1. You decorate a function (e.g., @njit). Numba doesn't compile immediately (unless you supplied an explicit signature). Instead it creates a dispatcher object that waits for the first call.

2. First call triggers specialization. The dispatcher looks at the argument types (e.g., int64, float64[:]) and either reuses an existing compiled version or builds a new specialization for that exact signature. Future calls with the same types reuse it.

3. Compilation pipeline (per specialization):

  * Typing (type inference): Numba walks your Python AST/bytecode and assigns Numba types to every value and operation. This either succeeds (pure “nopython” path) or falls back to object mode (much slower, uses Python/C API), or errors if you asked for nopython=True.

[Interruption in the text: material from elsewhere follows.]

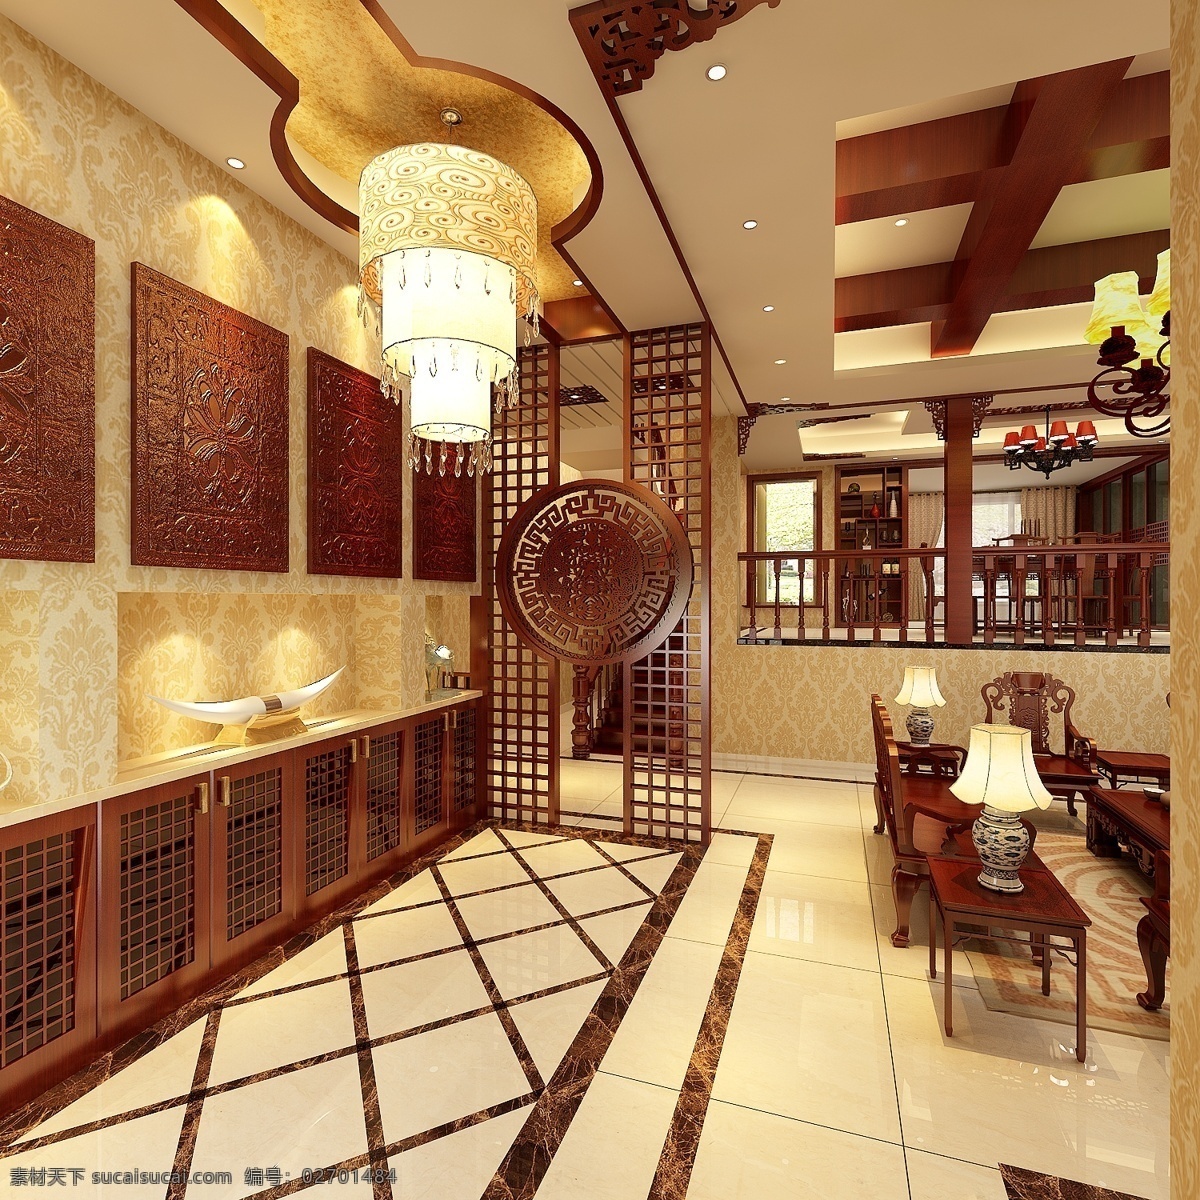 中式 餐厅 设计图 3d模型 灯具模型 中式设计 餐厅模型 3d模型素材 室内装饰模型

  * Lowering to IR and LLVM: The typed IR is lowered to LLVM IR via llvmlite; then LLVM optimizes and emits machine code.
  numba.readthedocs.io

  * Boxing/unboxing boundaries: Values are converted to/from Python objects only at the call boundary (entering/exiting compiled code). In strict nopython, these conversions are minimized/avoided; in object mode they;re everywhere.


4. Execution & caching:

  * The compiled machine code is stored in-memory on the dispatcher keyed by signature.

  * If you pass cache=True, Numba also keeps a disk cache (e.g., under __pycache__) so a new Python process can skip recompilation for the same function/signature/options. (Not every function is cacheable.)